What did your pops say?

He was shocked and hella happy because he fucks with E-40. He fucks with everything E-40 does. That’s like my kid coming to saying, “yo wait, I have a song with G-Eazy.” Damn n*gga, you got a song with G-Eazy? When it gets to that and these n*ggas get old enough to have full-blown families.

Was that record done in the studio?

Nah, I wasn’t actually there when he did his verse. I’ve been to his house on different occasions to work on different things with him, he’s hella cool. He’s hella big on being your own boss and not working for anybody. I’m big on being my own boss because my family owns a lot of businesses. That’s how I was brought up. My granddad owns a barbecue spot, my dad owns a landscaping company, my mom owns a real estate company that she’s the head of. My sister has a hair salon. I grew up with everyone putting it in my brain: “be your own boss, don’t work for nobody.” When 40 adds on to that, it shows me I was growing up the right way.

How was shooting the “Stories” visual and adapting to quarantine?

Adrian and I were supposed to shoot a whole different video to “Stories,” we had it planned out. I was supposed to go to LA, everything was planned out. We had to figure out another way to go about it. They’re trying to tell me to do a cartoon video, but I didn’t want to do a cartoon video. I already did one and I wanted to be more creative. I wanted to shoot something related to what’s going on in the pandemic. I talked to Adrian about it, he came down from LA. Shot my part, shot his part, sent it to me. It was crazy dope how it all came together, I liked it.

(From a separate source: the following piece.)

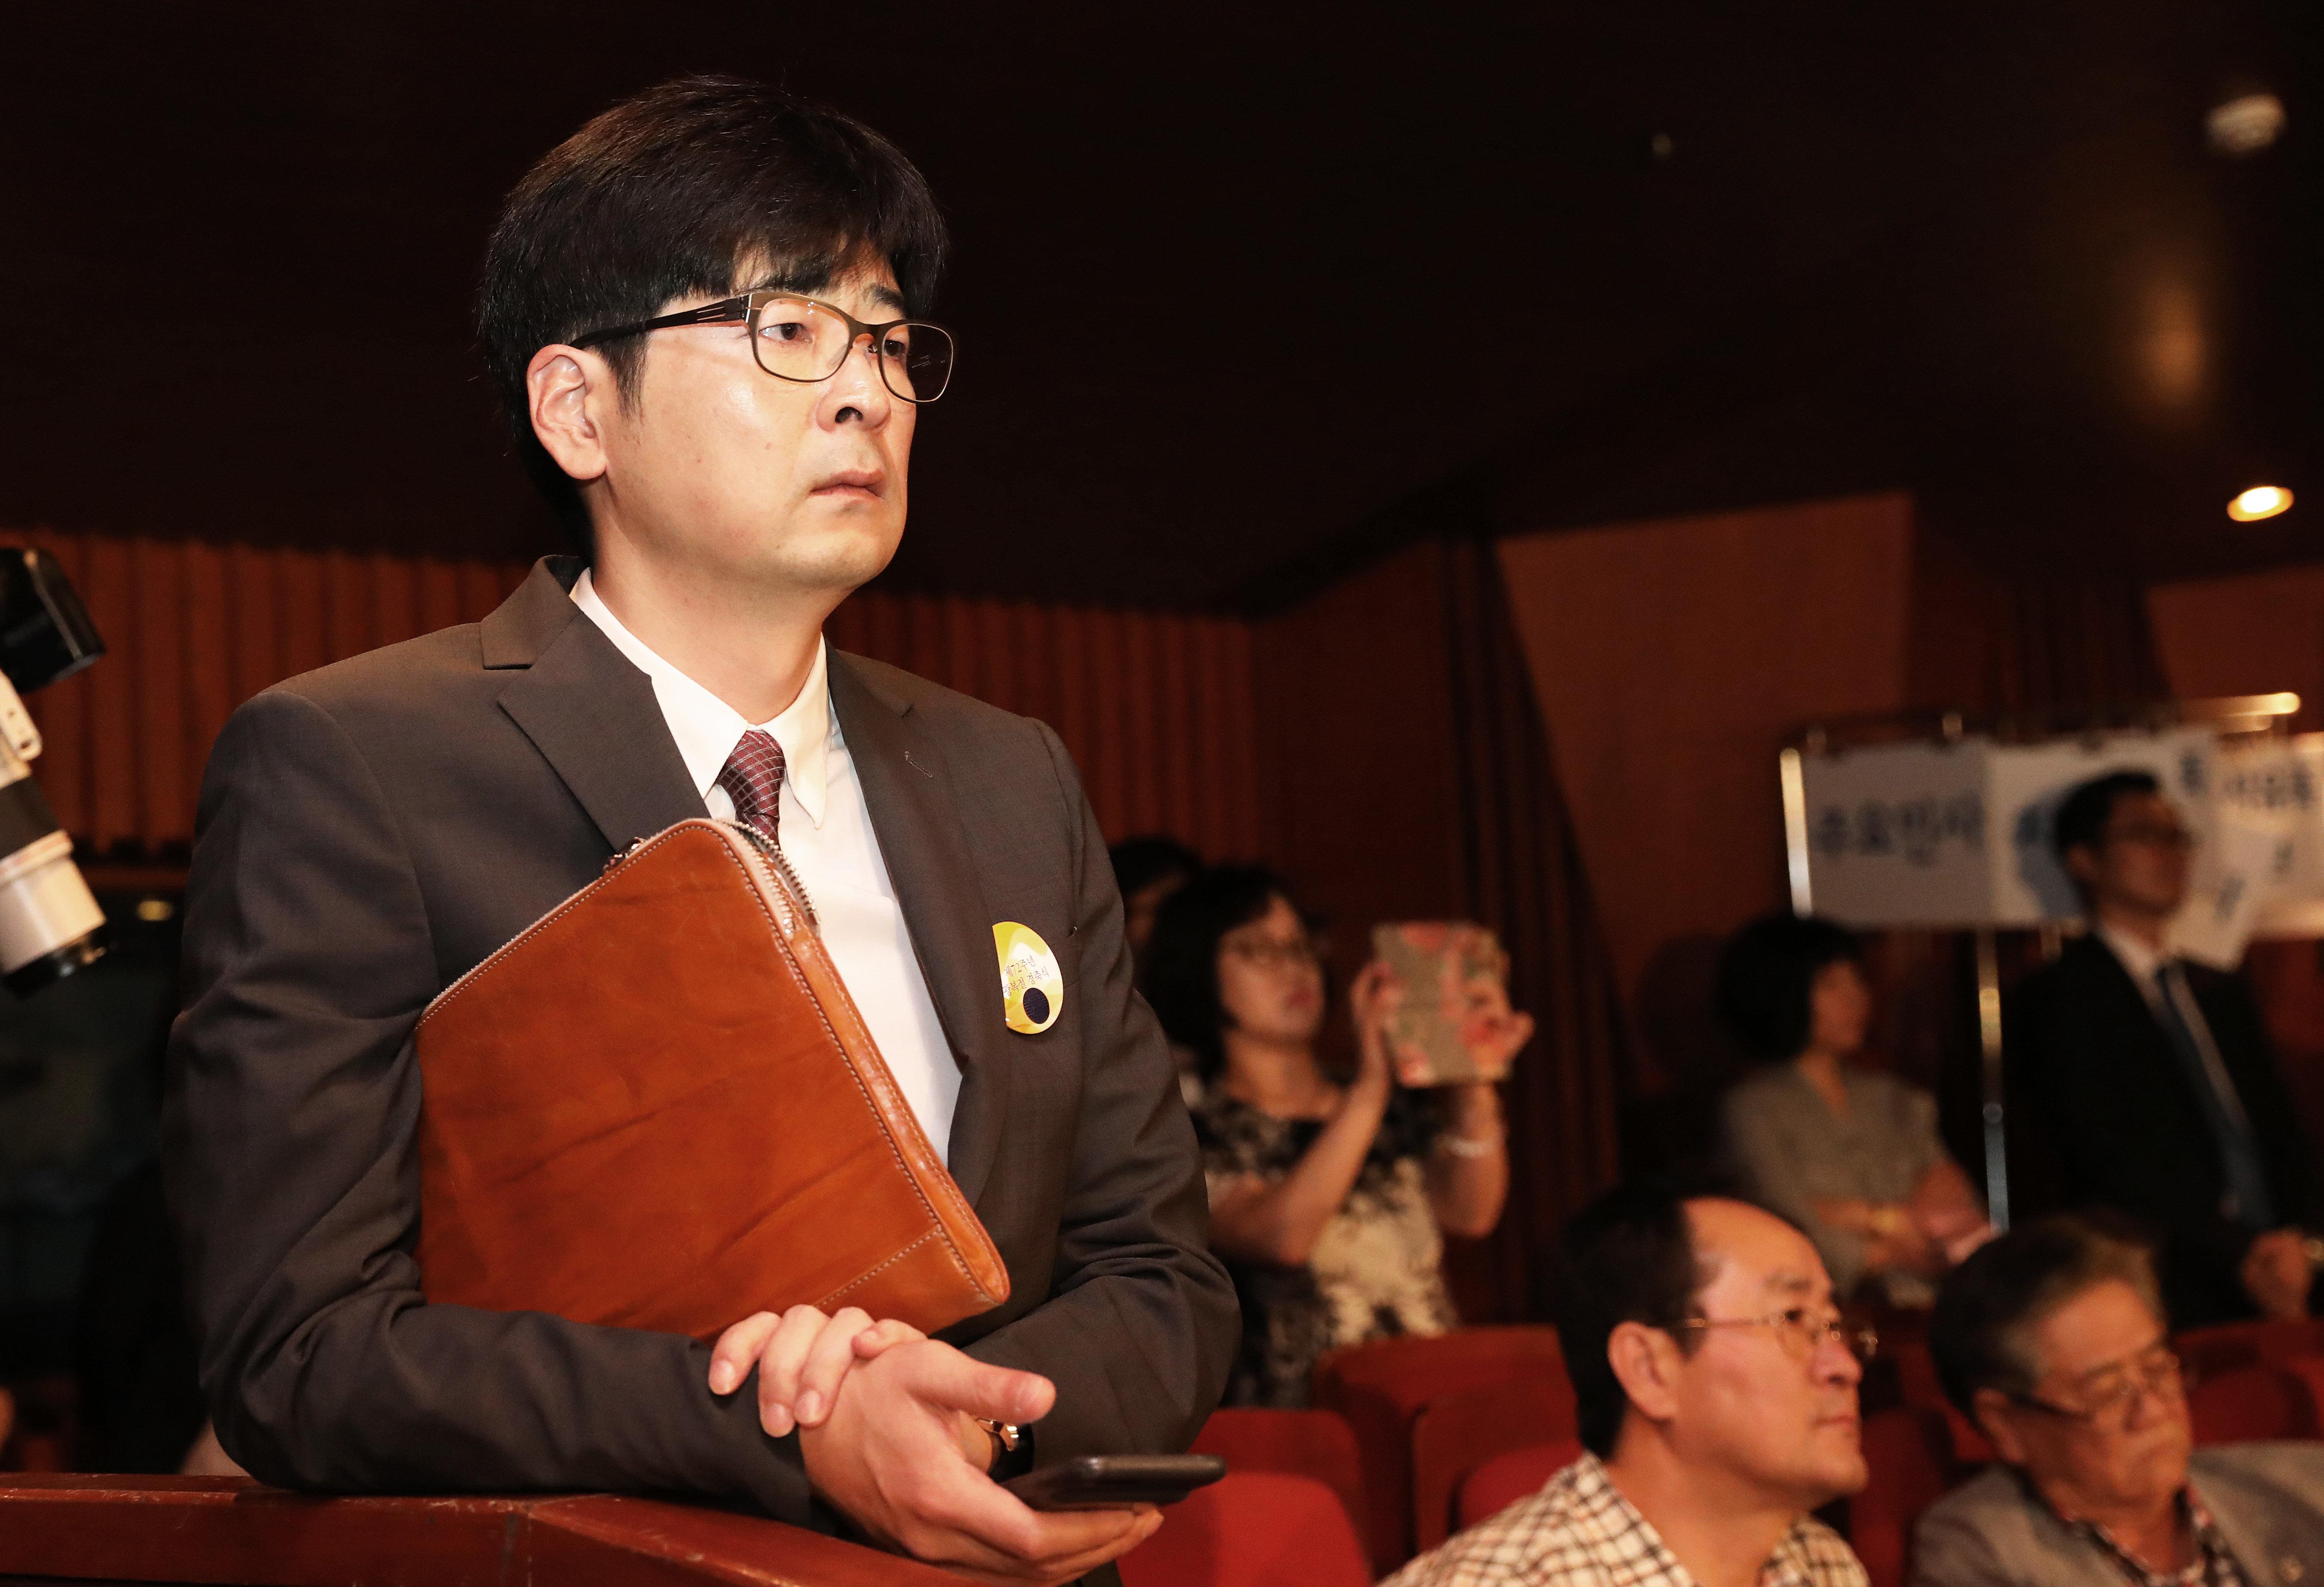 한국당이 논평을 내고 '탁현민 사의 표명·청와대 만류'를

Talk about linking with Eric. 

He’s a dope ass person to know. He’s very encouraging. He showed me a lot. That’s a big artist I look up to, I learned a lot of writing from him. For him to get on one of my records was really crazy. To hear him being so cohesive with my voice was very dope. He’s a dope artist to collaborate with all around. Genuine person, one of my idols. It’s amazing to finally get to work with him after these years. I sent him a lot of records, he told me before “it has to be that perfect one.” When he heard this one, he felt that. I’m glad he honestly feels it, that way he wants to contribute to it.

I seen you post you’re the new King of R&B. That’s a statement! Who do you think holds that trophy?

I got a lot of bones to pick with people when they claim something. You can’t be the King of R&B when you have other people writing for you. I look at that seriously. That’s saying you’re the best basketball player, but you aren’t really out there making any moves. The team is doing it for you. You’re not scoring, your team’s scoring, but you’re saying you’re the best basketball player. You can’t claim that you’re the best basketball player if you’re on the best team, that’s because you’re on the best team.